Authors: Lisa Gardner
T
HE PROBLEM WITH BOXING
is that it’s a relatively civilized sport.
You face off squarely against your opponent. You use only your fists. You aim only above the waist.
From a self-defense point of view, this strategy is not as effective as say, an all-out brawl. Certainly, there were other disciplines I could’ve studied that might have been more appropriate for fighting off a murderer, while also being more efficient for a girl.
But from the very beginning, I loved boxing.
I think I’ve waited my entire life to stand before my attacker and stare her in the eye.
Fortunately, my boxing coach, Dick, taught self-defense classes for women. He also hinted of a misspent youth, where knocking heads and kicking ass seemed the easiest solution to all of life’s problems. For the past year, after our bouts, he’d shared some of his secrets with me. J.T., my firearms instructor, had done the same. Trust me, if you want to learn how to fight dirty, ask a guy who used to be Marine Force Recon. Apparently, when it comes to warfare, they really do believe the end justifies the means.
I didn’t complain then, and I wasn’t complaining now, as I went through my final preparations.
Three forty-five
P.M.
Daylight already fading.
Nightfall would bring me cover. I could leave Tom’s apartment, home in on my final target, and start making amends for past mistakes. Assuming I wasn’t already too late.
I started with the easy tricks. Ballpoint pen thrust into the elastic at the base of my ponytail, where it would be easily accessible. From Tom’s bureau, I’d helped myself to one long white athletic sock. Now I stuffed the foot with the four D batteries, tied a knot in the ankle, then whipped it around a few times experimentally. The heavy weight in the toe stretched it out and would pack quite a punch, enabling me to inflict damage, while also staying out of strike range.
I used the duct tape to fashion a sturdy knife sheath, then attached it to my ankle. Into the sheath I thrust a short, serrated kitchen blade. Not optimal, but if I was at the stage where I needed a knife, I was already in trouble. I didn’t have those kinds of skills. Wasn’t even sure I had that kind of stomach. But desperate times called for desperate measures.
Everyone has to die sometime. Be brave.
I heard footsteps out in the hall and froze. A quiet quick rap.
“It’s me,” came Tom’s low voice, then I heard his key in the lock.
Quickly, I grabbed the remaining items and shoved them in my pants pockets. Already, I was breathing too hard, my heart rate accelerating. At the last minute, I dropped and loosened the laces on both my heavy boots.
I was just straightening up when Tom walked in.
And that quickly, it was game time.
January 21.
Everyone has to die sometime. Be brave.
I’d like to think that Detective D. D. Warren’s shocking declaration had opened the floodgates of my mind.

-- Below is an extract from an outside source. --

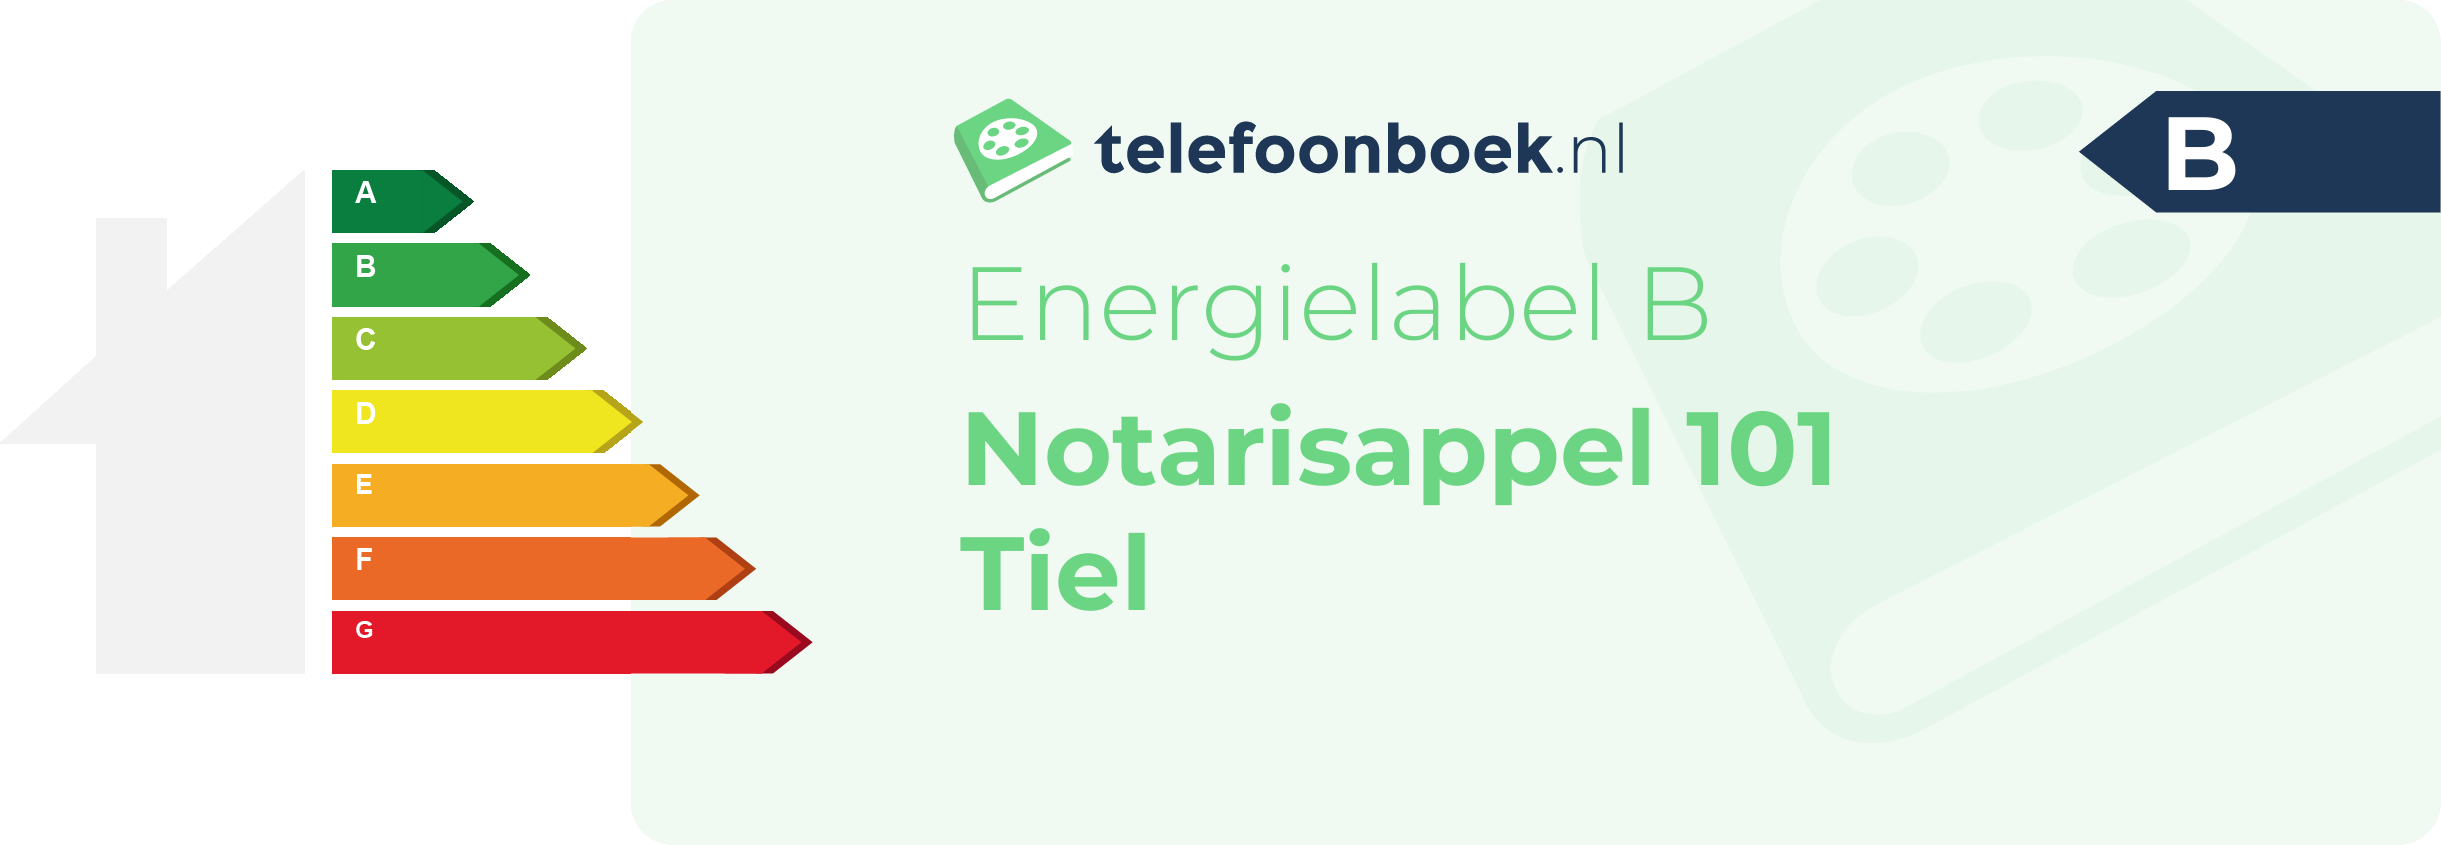 Energielabel Notarisappel 101 Tiel

I magically remembered my long-lost sister Abigail. I magically understood Detective O and the relevance of the twenty-first, and why my best friends had to die. I even understood why a respected sex crime detective had started shooting perverts, leaving the same disturbing note with each body, while framing me for her crimes.
I didn’t.
Abigail remained in my mind, a beaming, brown-eyed, chubby, gurgling baby. My little sister, whom I’d loved with all my heart. And lost. Died, I had believed. Except, of course, if she’d died, I
should’ve absorbed her name, as I’d done with the others. Charlene Rosalind Carter Abigail Grant.

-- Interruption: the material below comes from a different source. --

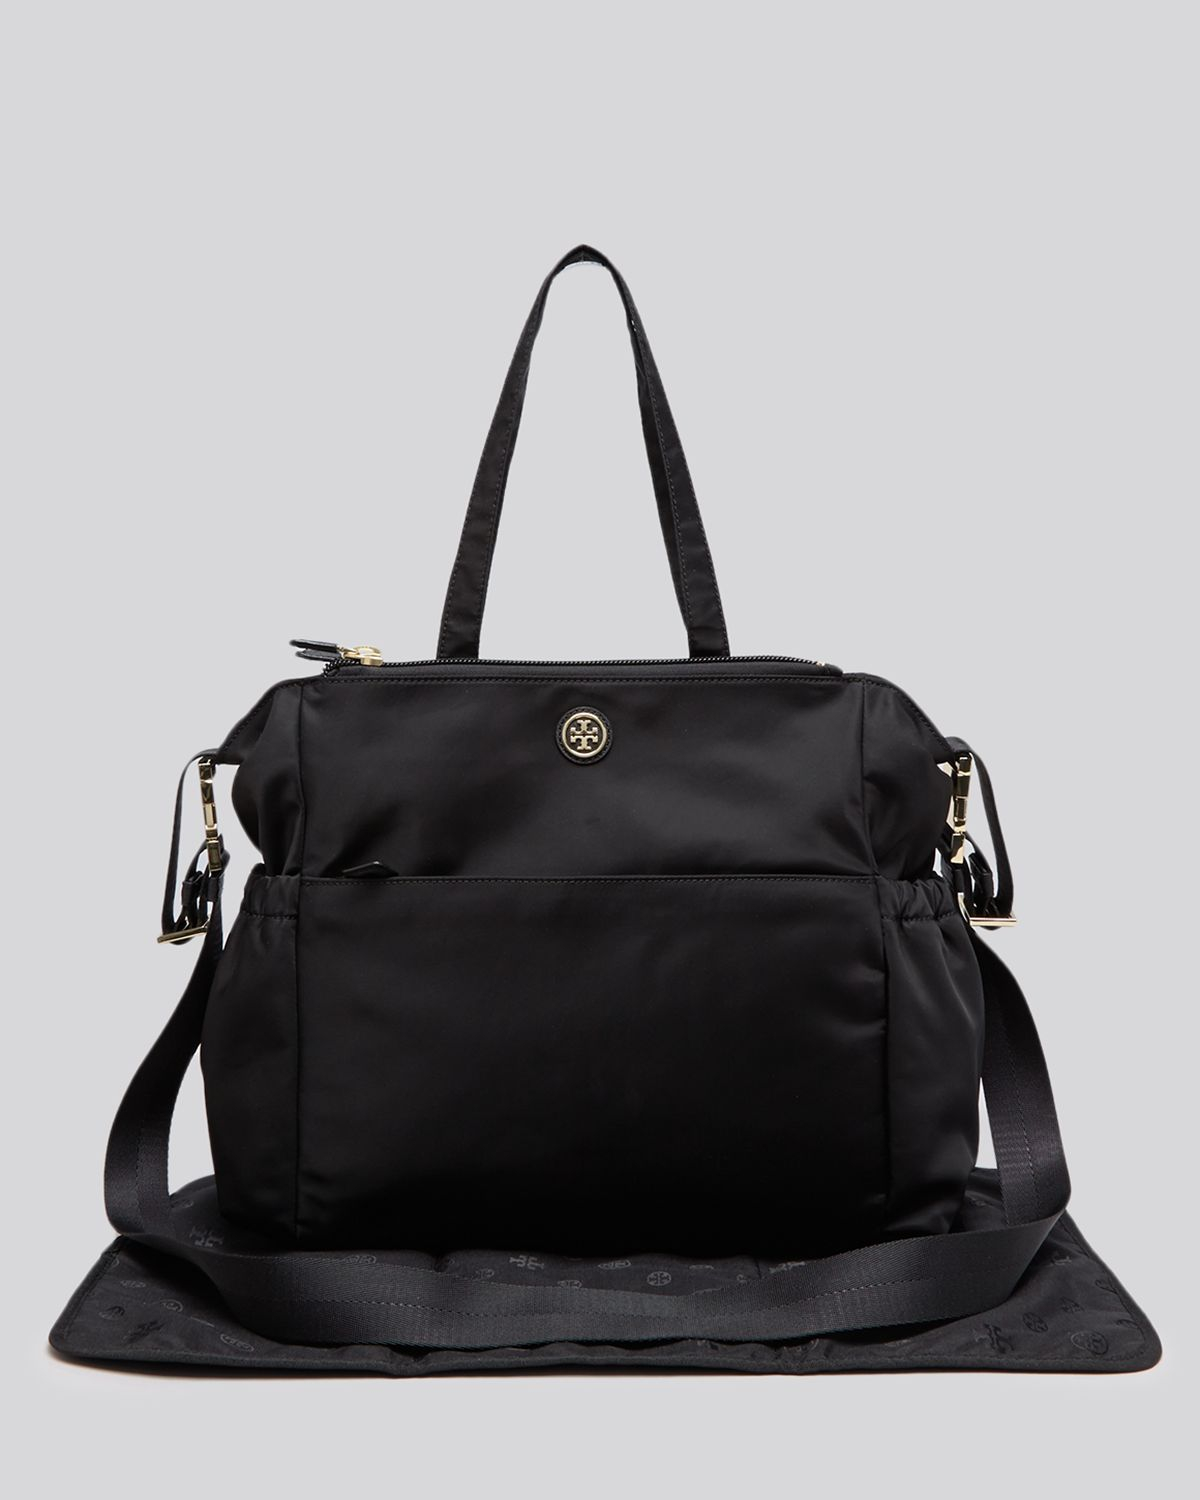 Lyst - Tory Burch Diaper Bag - Travel Nylon in Black

In Detective Warren’s mind, that was further proof that Abigail still lived and, in some way we didn’t yet understand, had become Boston sex crimes Detective O. Brown hair, brown eyes, just like the baby in my dream.
Except I truly only remembered an infant, maybe nine months old at best. Not a beautiful exotic creature with that hair and those curves, and a solid career as an up-and-coming sex crimes investigator. A young, astute detective who, from the very beginning, didn’t seem to like me.

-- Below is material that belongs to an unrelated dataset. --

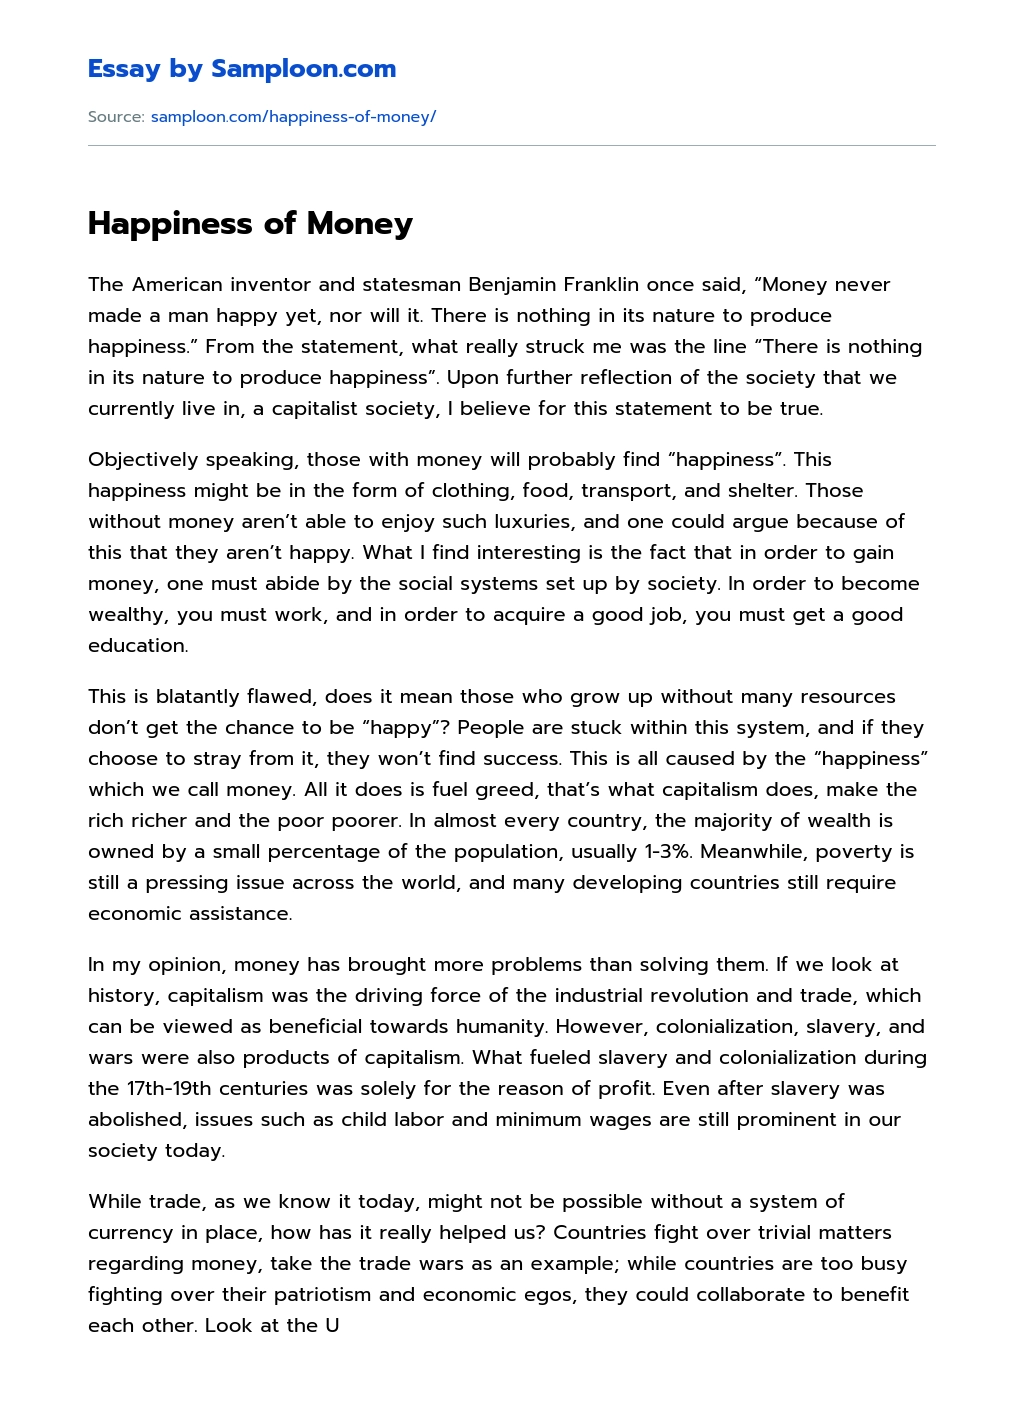 Happiness of Money essay

Everyone has to die sometime. Be brave.
Those words, I recognized. Those words, I understood on a level that chilled my spine, set my shoulders, and raised my chin.
My mother’s favorite expression. That, more than anything, proved Detective Warren’s argument. Abigail lived.
But my baby sister didn’t love me anymore.
“Raid the fridge?” Tom asked now, standing just inside the door. His features were drawn, tired. He’d been up at least eighteen hours by now. We both had. He appeared self-conscious as he took me in from across the room, then seemed to shake it off.
“Drank your OJ,” I said.
“Find any unexpired food?”
“The dill pickles were pretty good.”
“How about the gun safe?”
“Twelve months together, and I still don’t know your birthday, favorite pet, or mother’s maiden name. Totally screwed me with guessing the combo.”
“Figured as much. Calls?”
“One. Talked to Detective D. D. Warren. Good news. I think she believes me.”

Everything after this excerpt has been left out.